Toronto's page opens with a live TTC line status board (which subway and LRT lines are open, from the TTC's official alerts feed), a major-projects tracker that pairs official opening dates with what independent reporting says, a getting-around guide for the six World Cup matches running June 12 to July 2, and answers to common questions about fares, One Fare transfers, bike lanes, renting and 311.
Towns can now show monthly market-survey prices from the World Food Programme's open country datasets — several markets side by side, trends against the previous collection and the year before, and a seasonal chart. Collection months render front and centre: these are survey averages, never passed off as today's prices. The kind works for any country WFP monitors.
Malawi's fastest-growing city joins with three tools: live crop and input prices across Zigwagwa and ten northern trading centres (from the World Food Programme's monthly market survey, with a chart of how prices usually move through the year), straight answers to common questions about water, power, floods and the markets, and verified numbers for who to call. If you know which days your trading centre holds its market, the crop prices page explains how to tell us.

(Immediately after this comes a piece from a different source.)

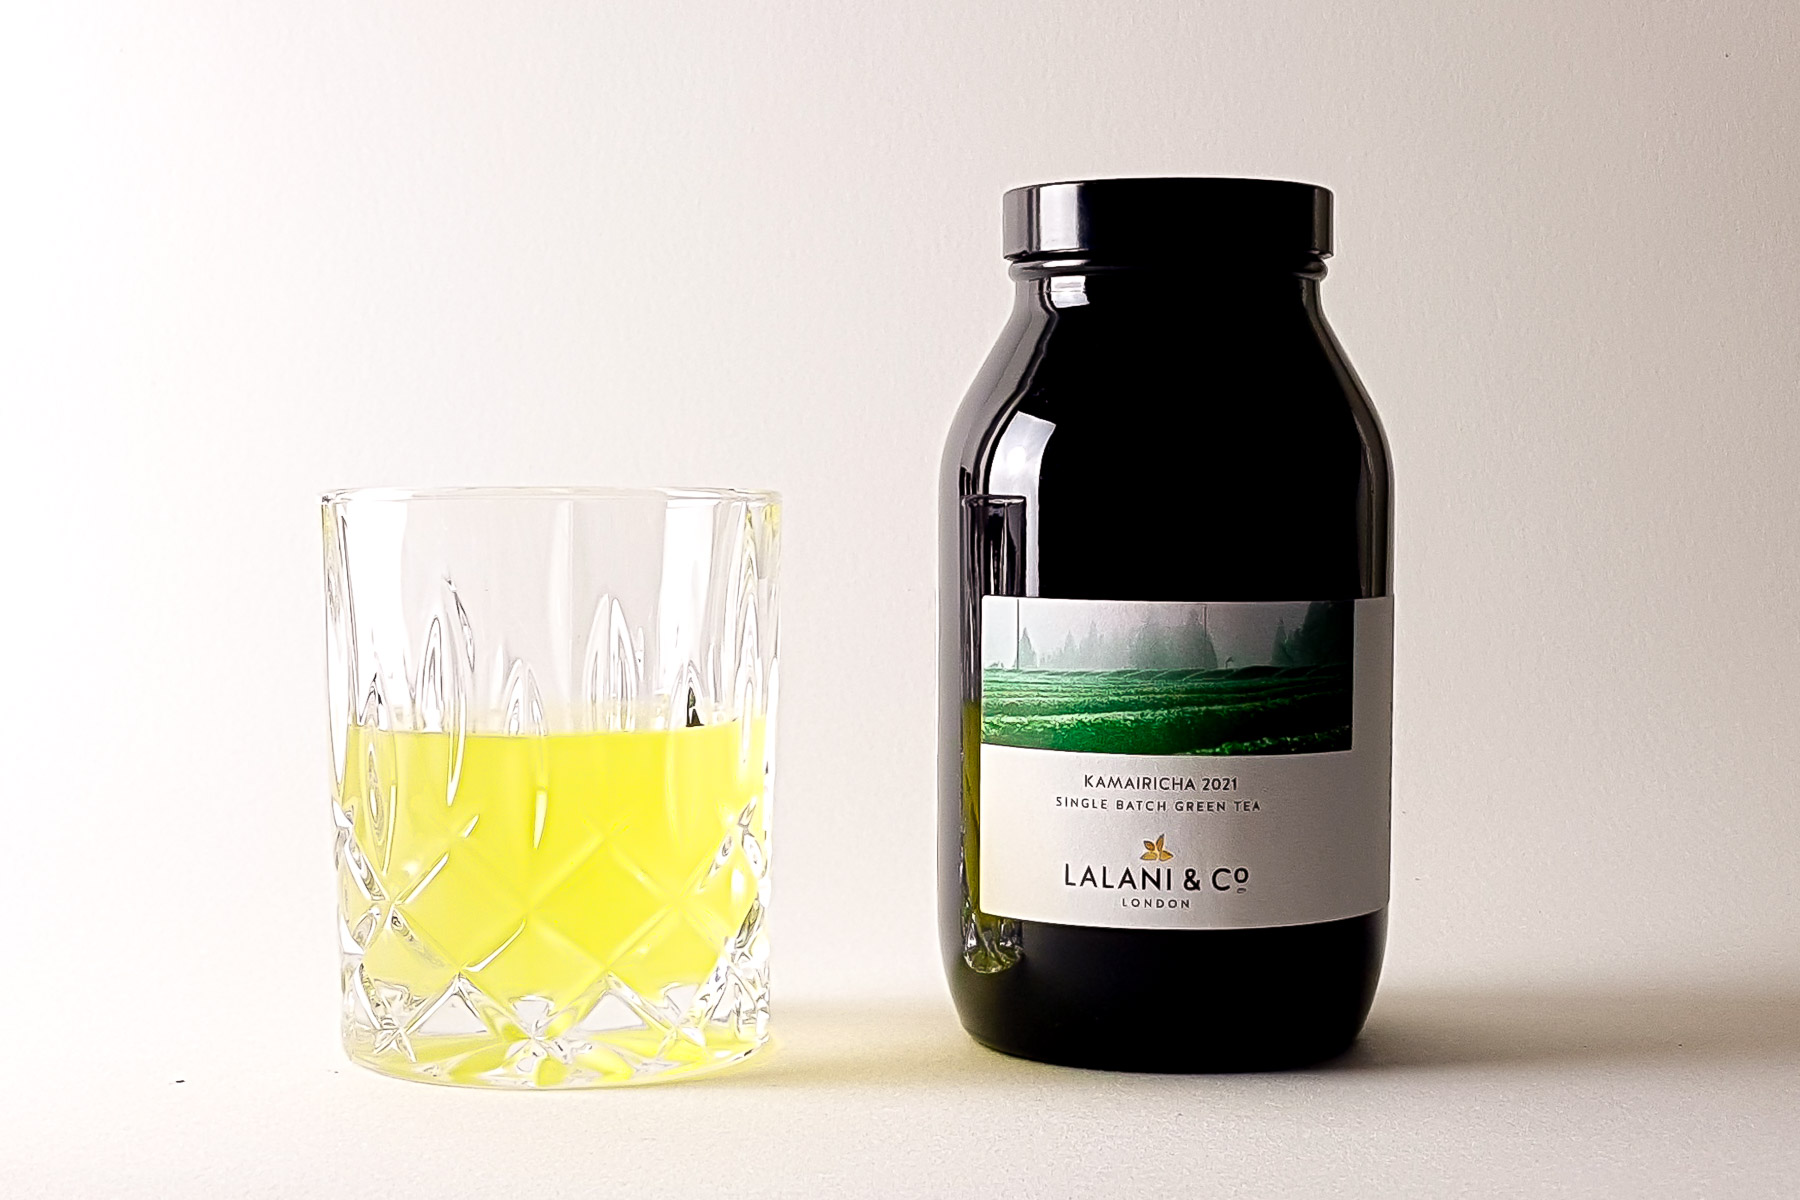 Lalani & Co: Kamairicha 2021 Organic Japanese Green Tea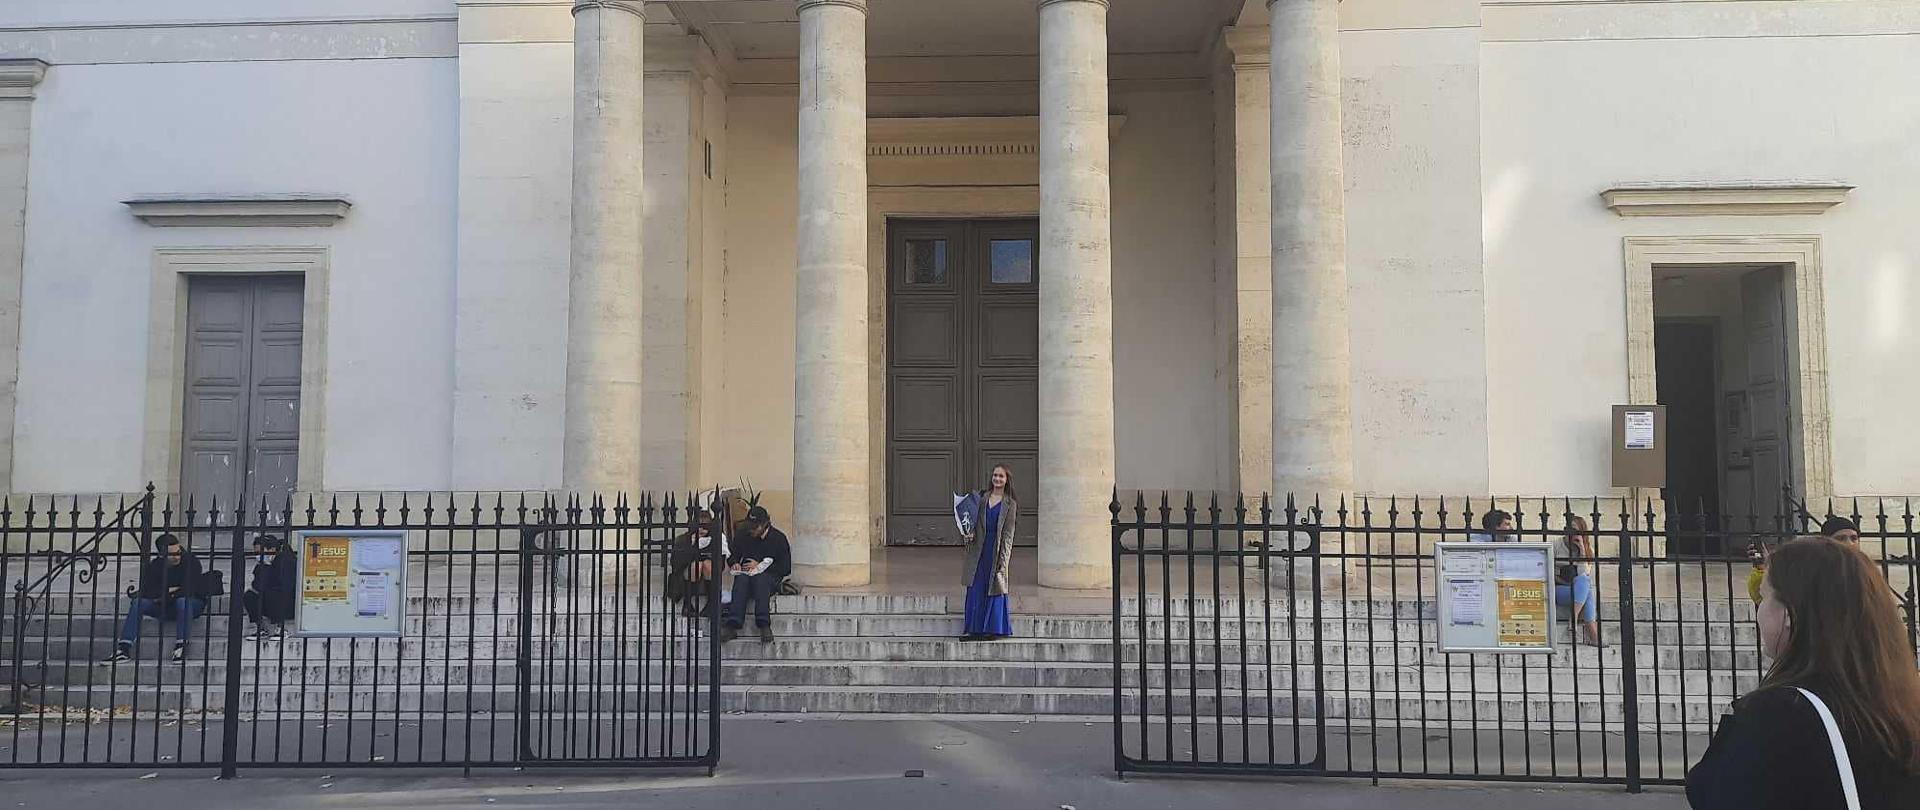 Antonina stoi na schodach przed kościołem w wieczorowej sukni.

The December 2025 announcement kept the 2028 pledge for early works but moved the official opening from the mid-2030s to the late 2030s — the answer now says so.
Where the £2.50 fare cap, the Weaver Network bus takeover and the tram each stand, with the dates in order — including December 2025's slip of the tram opening to the late 2030s.
Les outils de Kpalimé — pluies, prix du café et du cacao, qui appeler, questions fréquentes — s'affichent désormais en français, avec les mêmes chiffres et les mêmes sources qu'avant.
Each town's pages can now render in the language its residents actually read — headings, forms, dates and tool content together. French is the first supported language alongside English, and Kpalimé is the first town to use it.
Creating an account had been failing for everyone since launch because of a misconfigured trusted web address — found during our first proper review of the server logs. If you tried to sign up and couldn't, it works now; sorry about that.
Who to Call lists the national emergency short codes verified against diplomatic sources, the district hospital, and honest notes where no reliable line could be confirmed — including the widely circulated 8200 ambulance number. Common Questions covers fares, waterfall fees, market days, power cuts and where drinking water actually comes from.
A new kind of tool: it shows where the season stands — the last 30 days of rain against the 1991–2020 average for the same dates — plus the week ahead, around the Tuesday and Saturday market days. Model estimates presented as model estimates; the season calendar comes from the commune's own contingency plan, which is frank that the boundaries are drifting.
The CCFCC's official reference prices for cocoa and robusta coffee, checked against ccfcc.tg the day they were posted, with the collection date front and centre, a plain note on how farm-gate offers relate to the reference, and a one-minute summary written for radio.